In Tokyo, she stopped believing in herself and trusting her own decisions. So she decided to take more ownership of her programme. “I’m now writing my own training programmes and leading my own campaign. You can only do that with a strong team around you, who support me and challenge me,” Jones says.
Her new coach, American Michal Smolen (who was fifth in the men’s K1 in Tokyo), supports her decision.
“You can get so caught up in the result, and if you’re not enjoying it, then it seems such a waste. You can do both - focus on performance and on enjoying being surrounded by like-minded people, being out on the water every day, going to these amazing places,” says Jones, who’s also been working as media manager for Table Tennis NZ.
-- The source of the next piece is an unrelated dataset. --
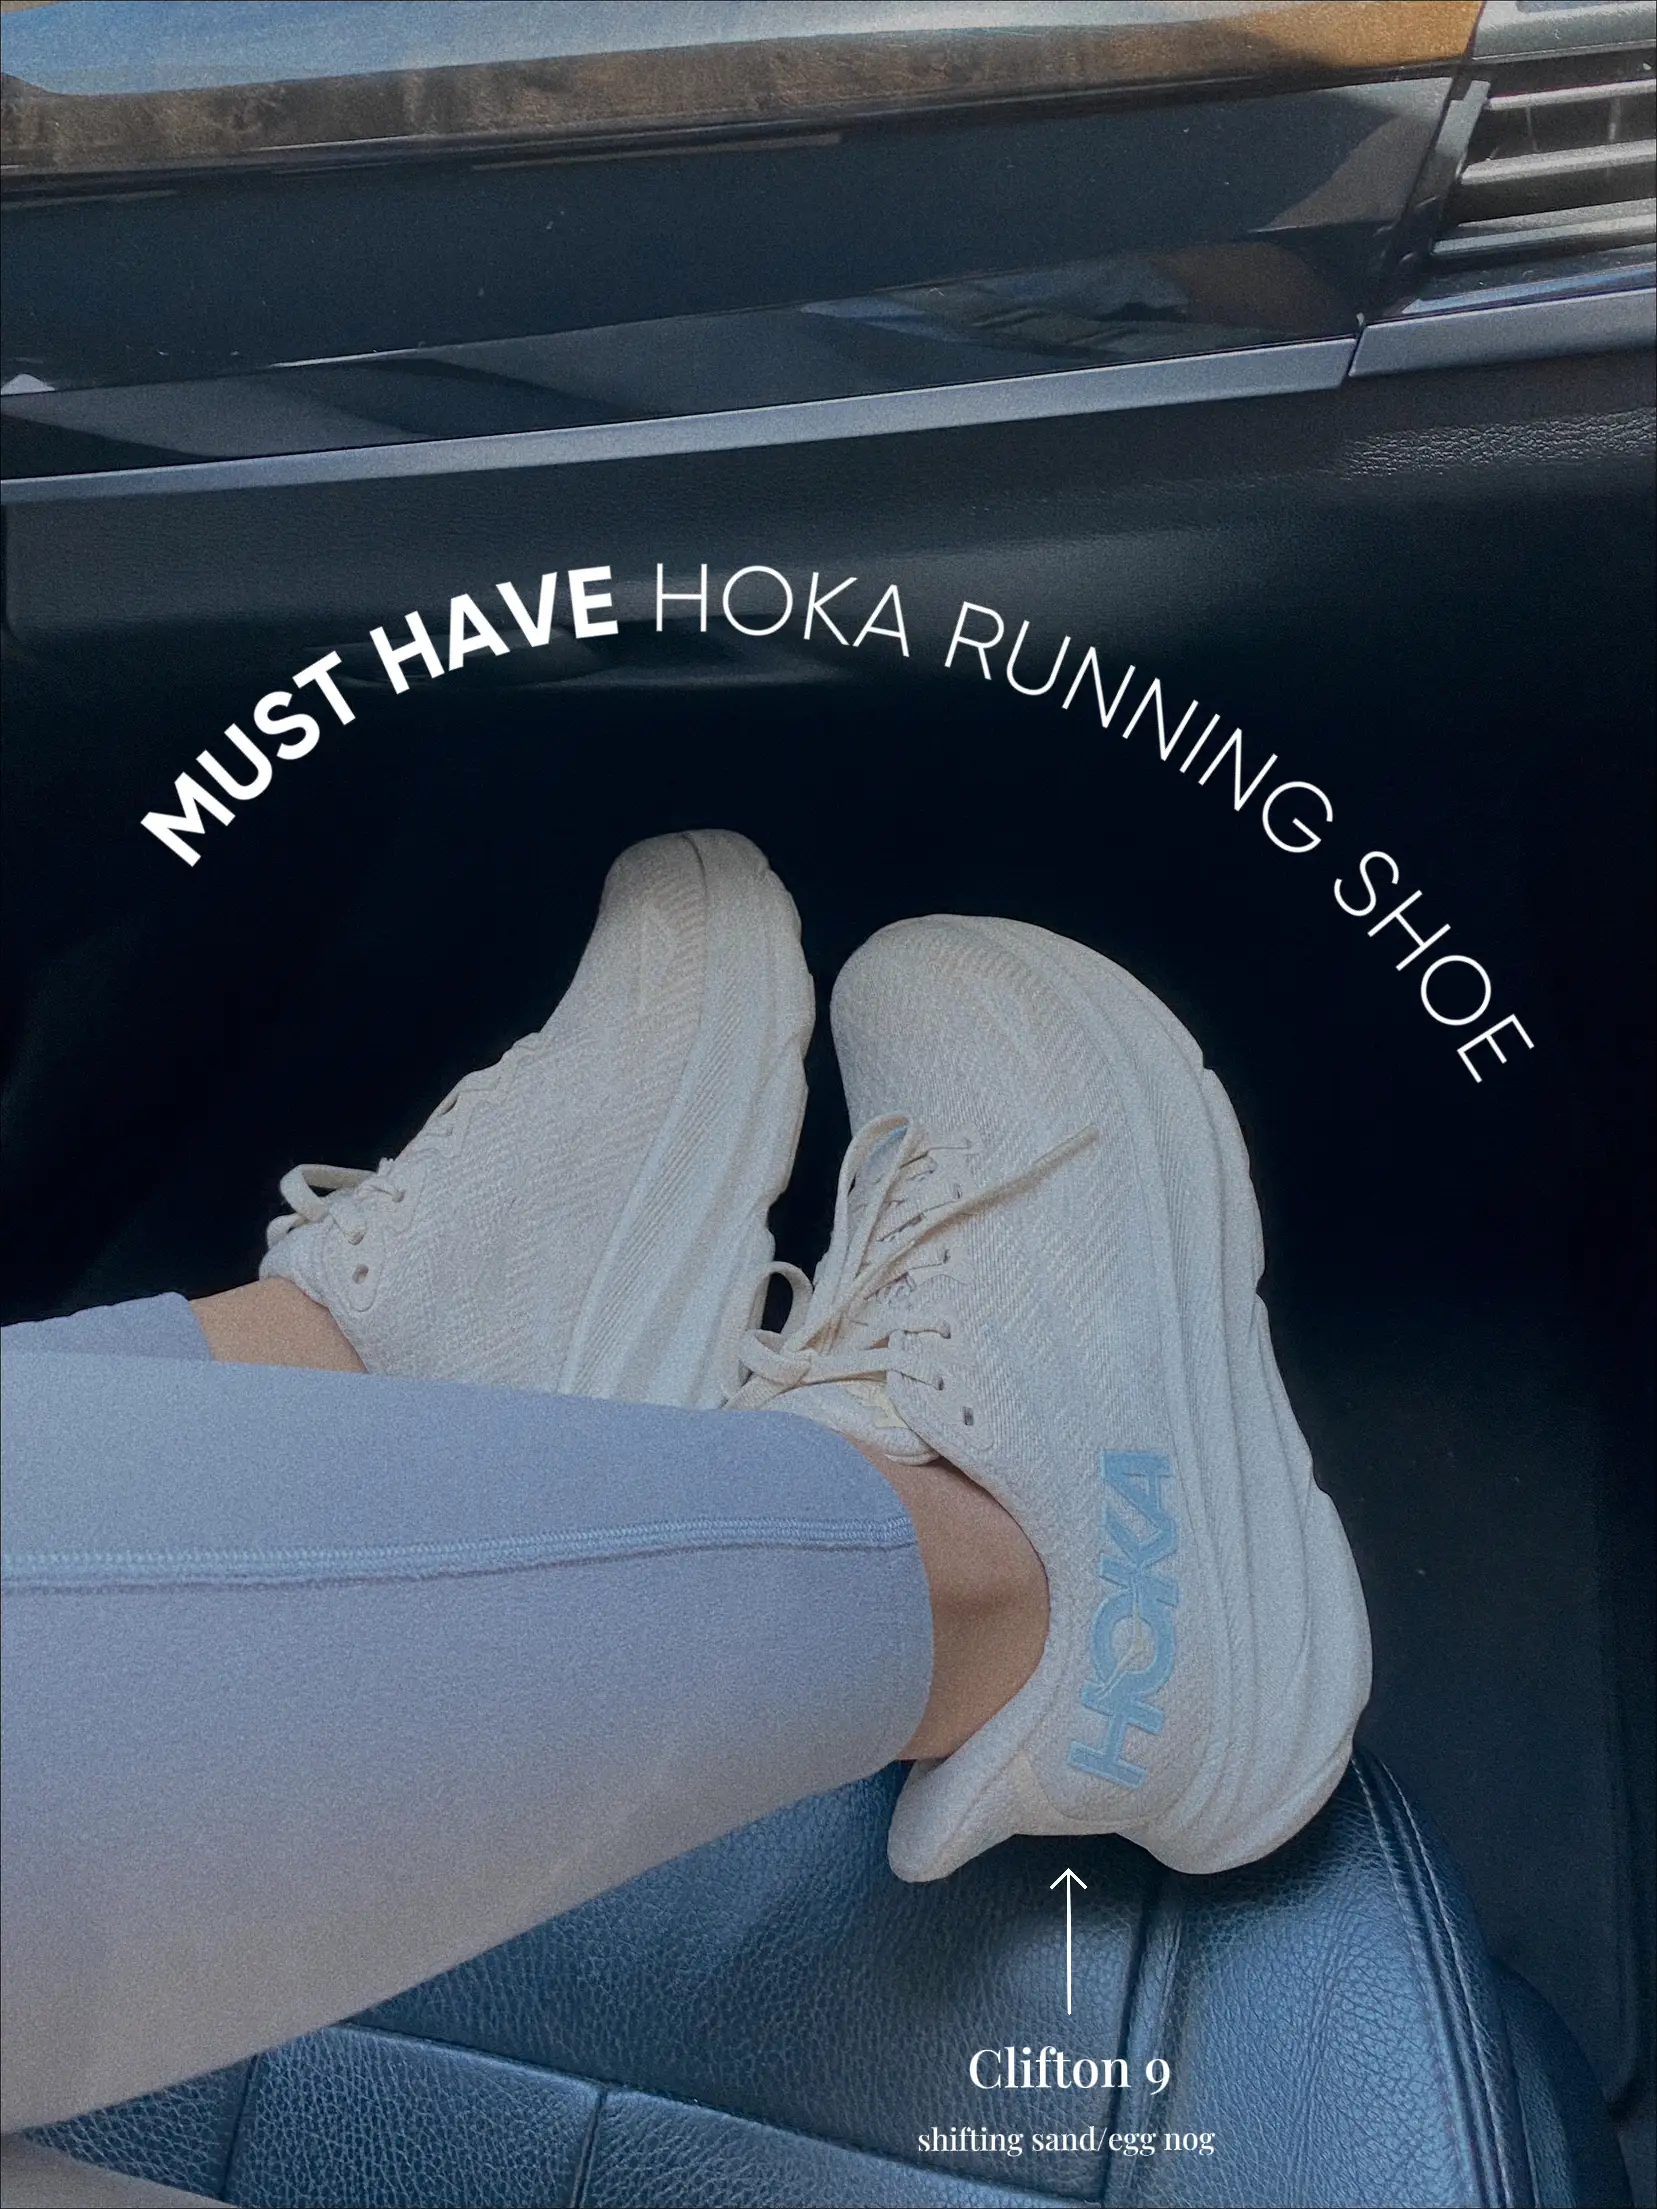 Hoka Clifton 9 Review 🏃‍♀️, Gallery posted by Caitlin Dubois

“So I’m working on being grateful for what I have and where I’m at.”
She still gets a thrill receiving the Olympic uniform and making the most of the Olympic village. “I think we’ll have a sense of normality again - sitting on the start line, looking up at the packed grandstands. It’s such an incredible place to be, I really want to soak that up.”
The kayak cross is like a nod to Jones’ special upbringing on the Wairoa River, racing in plastic kayaks and learning to Eskimo roll (part of her new event).
“I’m at the end of my career, and it still feels not that long since I began. But at the same time, I’ve done a lot and been to a lot of places,” she says. “It would be a dream to finish on a high in Paris.”
And she promises to make a hot chocolate for another first-time Kiwi OIympian in the village.